It was 10:30 at night and I had just finished giving a squash lesson. The fuel in the car was critically low, so rather than jumping straight onto the freeway, heading back home, I asked a local restaurant guy for the nearest petrol station.
Since it was in Turkish, I vaguely understood to drive down this road, first left, all the way to the end and right, then right again.
Or so I thought.
I ended up getting forced onto the freeway heading in the opposite direction to home – over the bridge to the other side of the bay.
The impending doom of getting stuck in the middle of nowhere with an empty tank was compounded by the fact that my phone credit had run out earlier in the day, so I had no way of calling, SMSing or WhatsApping anyone for help.
Then came an exit.
With the flow of moving traffic I had a decision to make:
Should I take the exit and try to turn back?
Or should I keep coasting, hoping to come to a petrol station?

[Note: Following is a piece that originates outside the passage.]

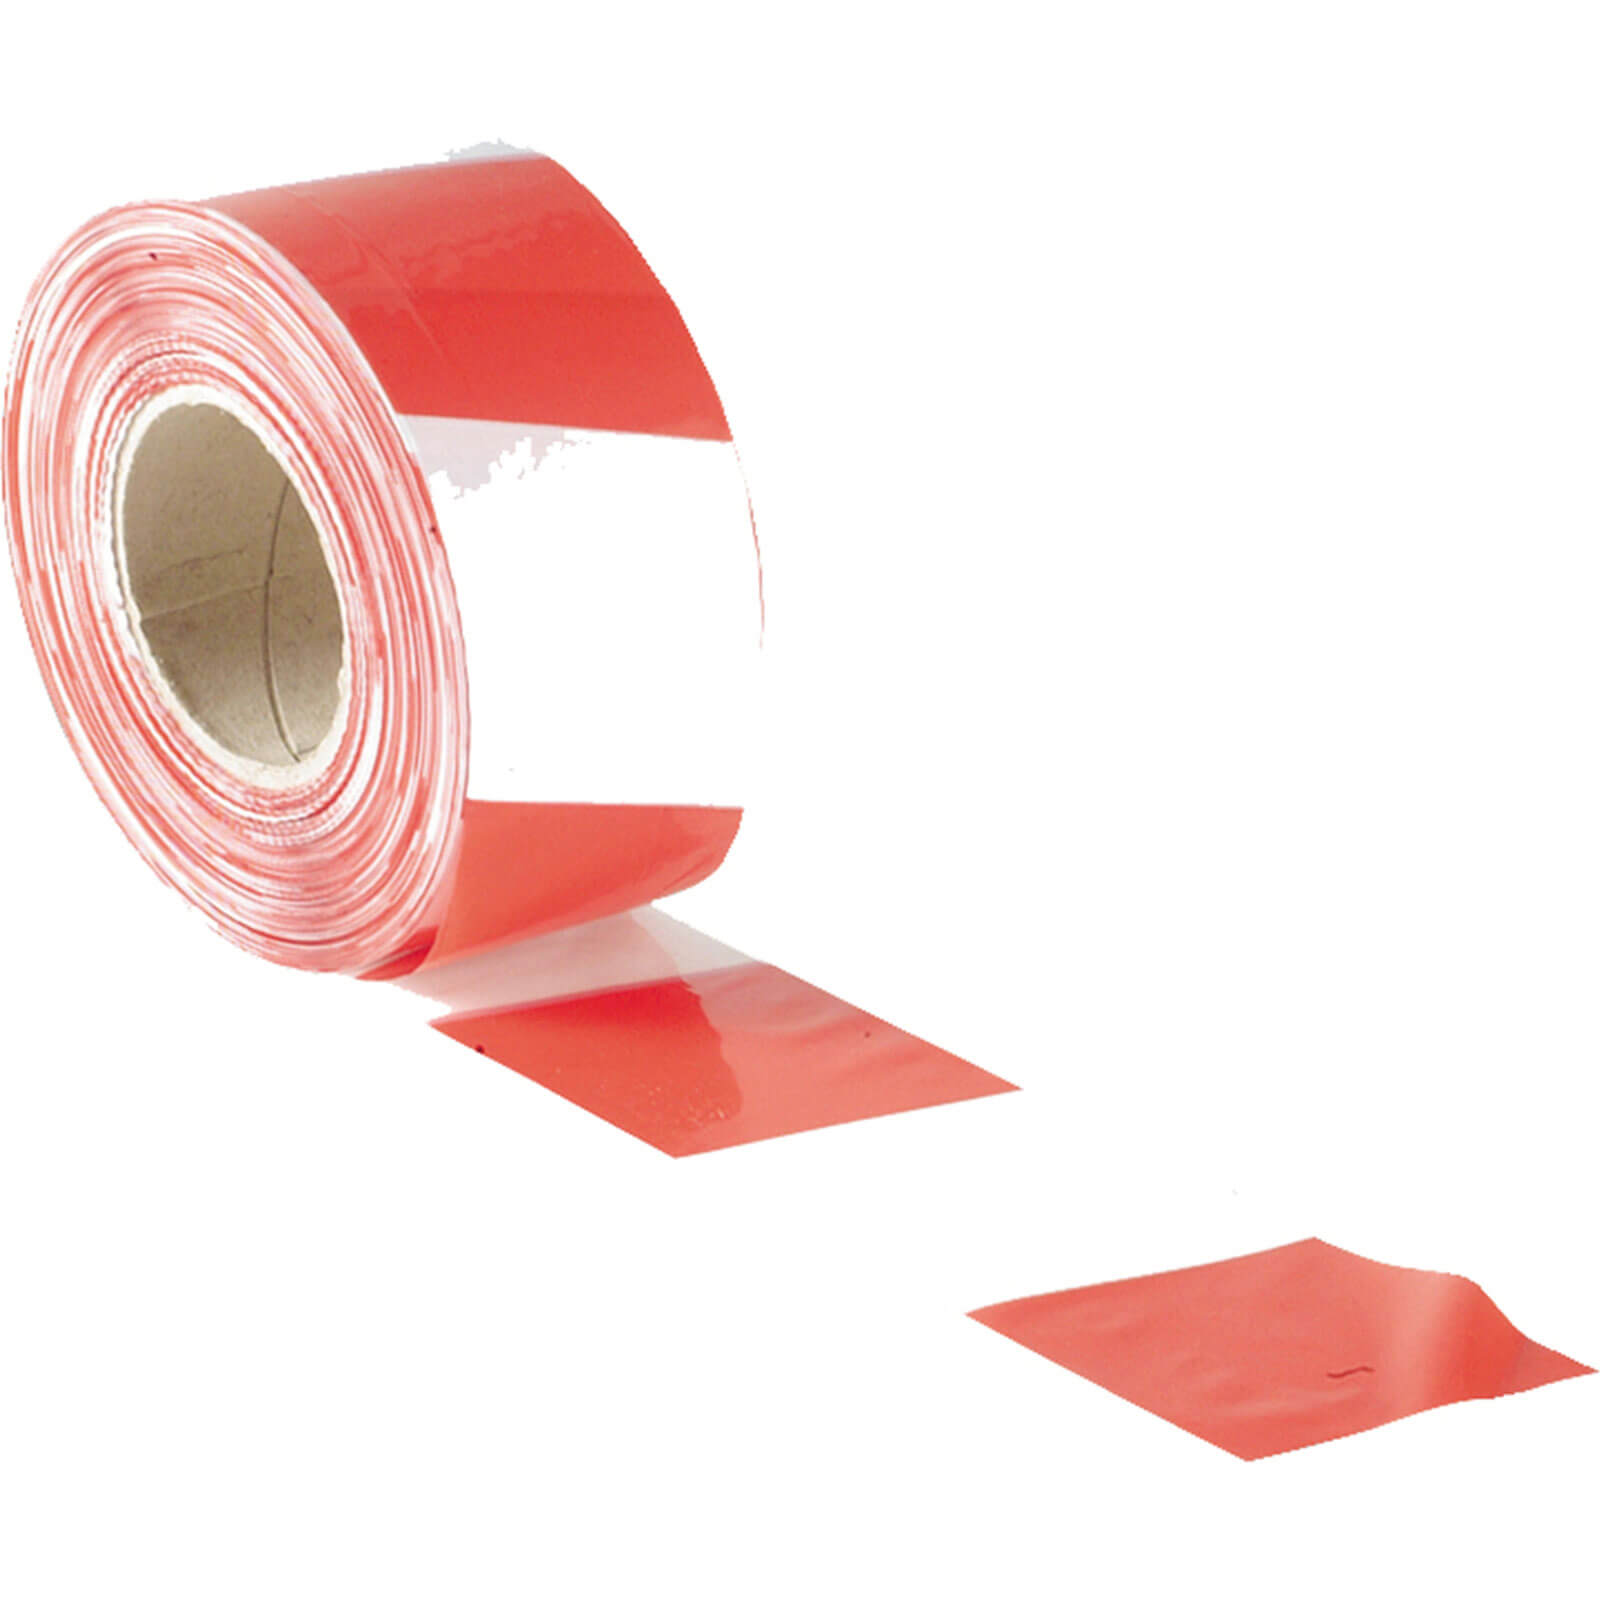 Image of Sirius Barrier Warning Tape Red / White 70mm 500m

But there was a deeper, more pressing question:
How did I get to this situation? I have a full-time job so money shouldn’t be an issue. Moments ago, I was just in the warmth of the Hilton Hotel gym. I just asked a guy where the nearest petrol station is.
“You can’t miss it,” was probably the nail in the coffin.
Anyway, I took the exit.
After briefly beeping the horn and shouting at a bus driver who returned the favour, I was heading back to where I’d come from.

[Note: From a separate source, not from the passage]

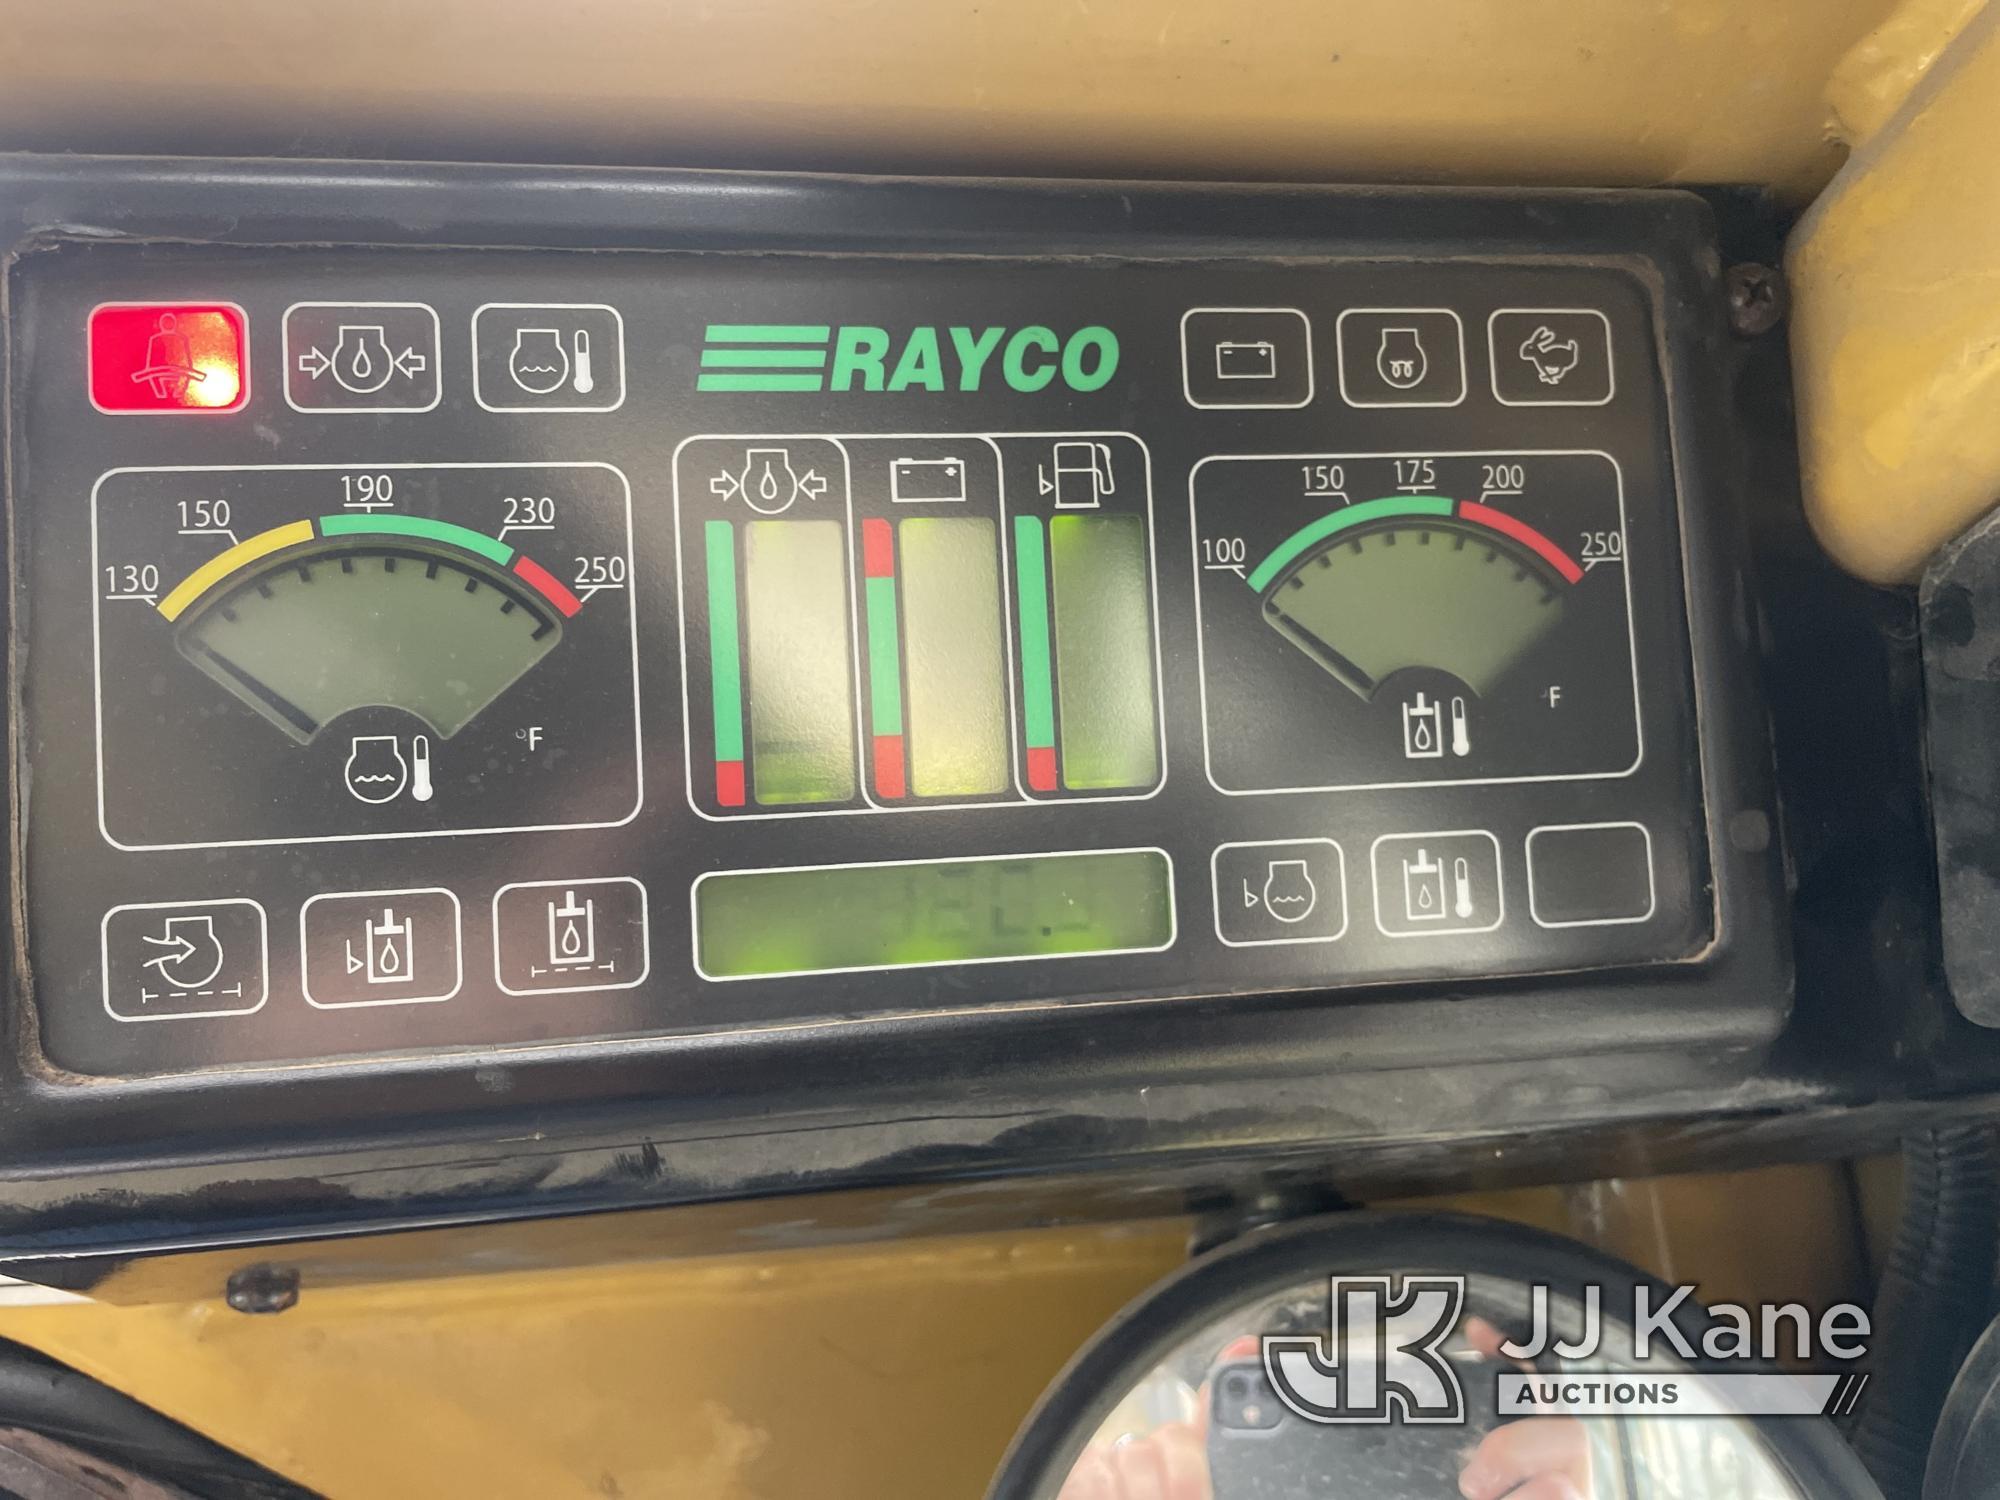 (Oklahoma City, OK) 2017 Rayco C100 Skid Steer Loader, Item 1412155 is attached. PLEASE SALE TOGETHE

The needle was on the ‘E’ line of the fuel gauge now. Cutting it close.
Where was this return trip taking me exactly?
Past a residential area, under a tunnel, and back onto the freeway I normally take.
Now I knew the closest petrol station on the freeway back home was almost definitely too far to make. So I took another exit close to where my wife’s brother lives. I suspected there was a petrol station along that road… and I was right.

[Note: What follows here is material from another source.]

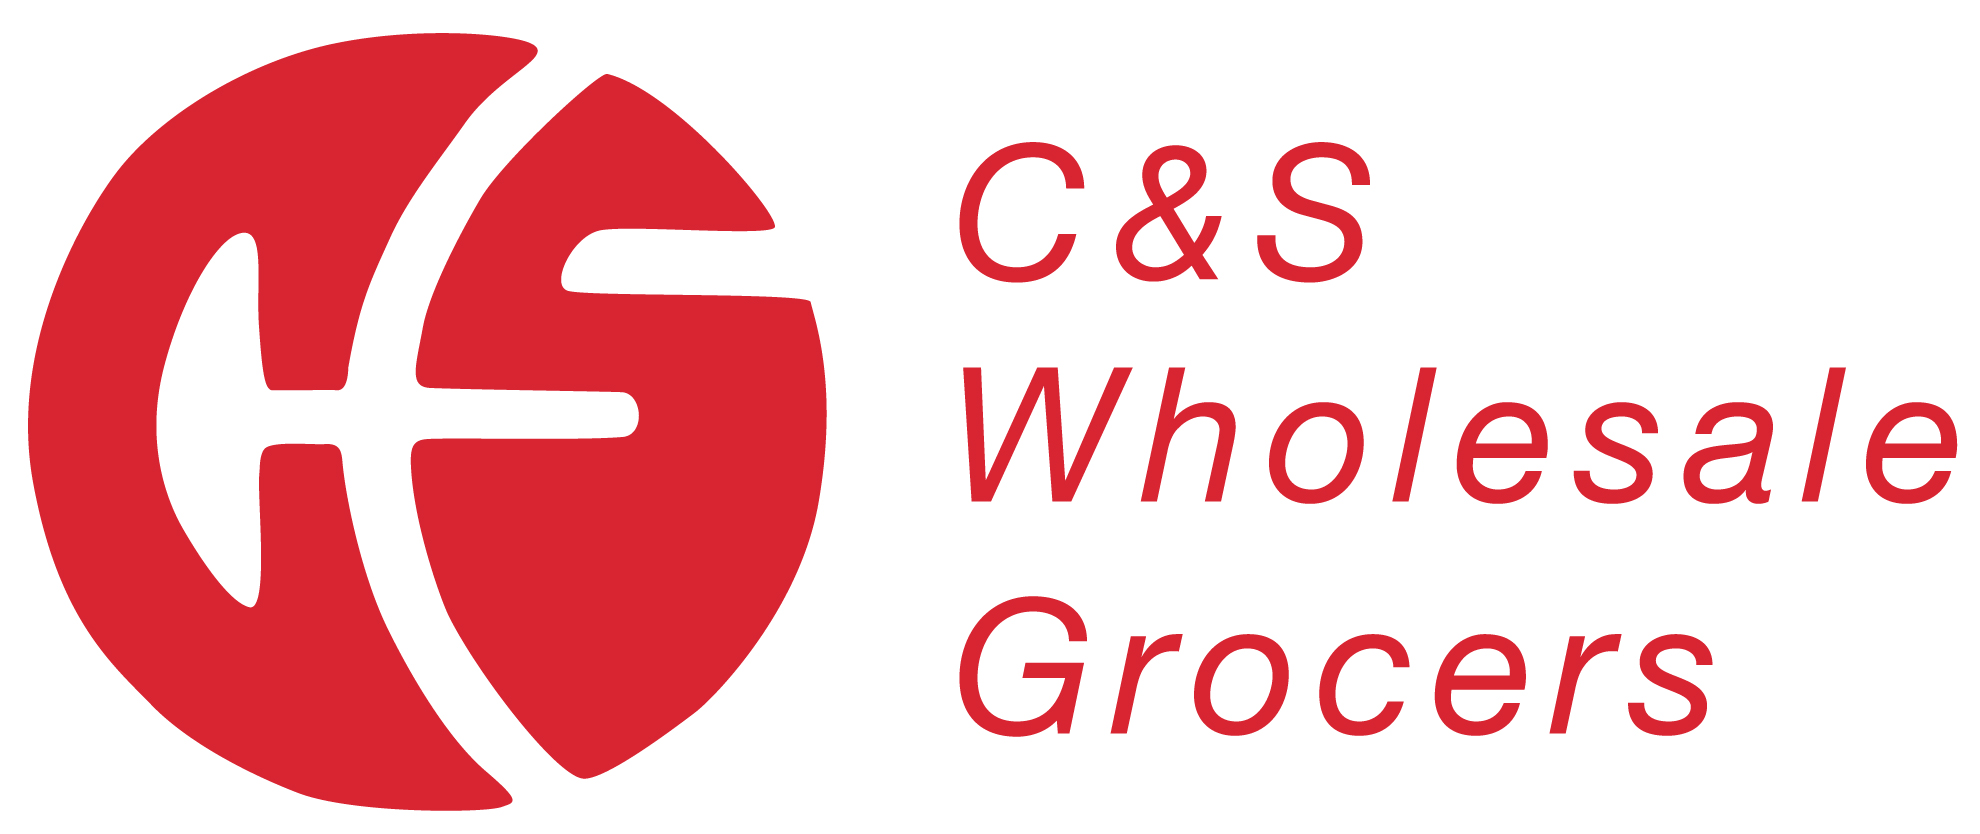 C & S Wholesale Grocers

I pulled in with how little petrol left, I don’t know.
A big breath and a sigh of relief.
The whole episode of being on the brink of getting lost in the middle of nowhere, with no foreseeable recourse, was a kind of metaphor for my life in the recent 6 months or so:
- Working a full-time job as a kindergarten teacher, teaching English as a foreign language (a moment-to-moment attention/energy drainer)
- Giving squash lessons in the evening for a few hours, two times a week
- Writing a book
- Starting a website (not this one) that, now, I wasn’t sure was worth pursuing
- Feeling like I am somewhat failing to live up to my relatively new role as husband, and friend to my step-daughter
Instead of continuing to push forward, running on empty, I have decided to take a step back.
With patience and an eye on the long-term, this blog is my step back.
A big breath at home is what brings me peace and fulfillment. There is much to explore on this topic, and that’s what I plan to do.
Following the recommendation of Seth Godin, I will be writing on this blog every day. Might just be a few sentences. Might be a mini-essay. But I’ll be here every day.
I hope you can drop by occasionally.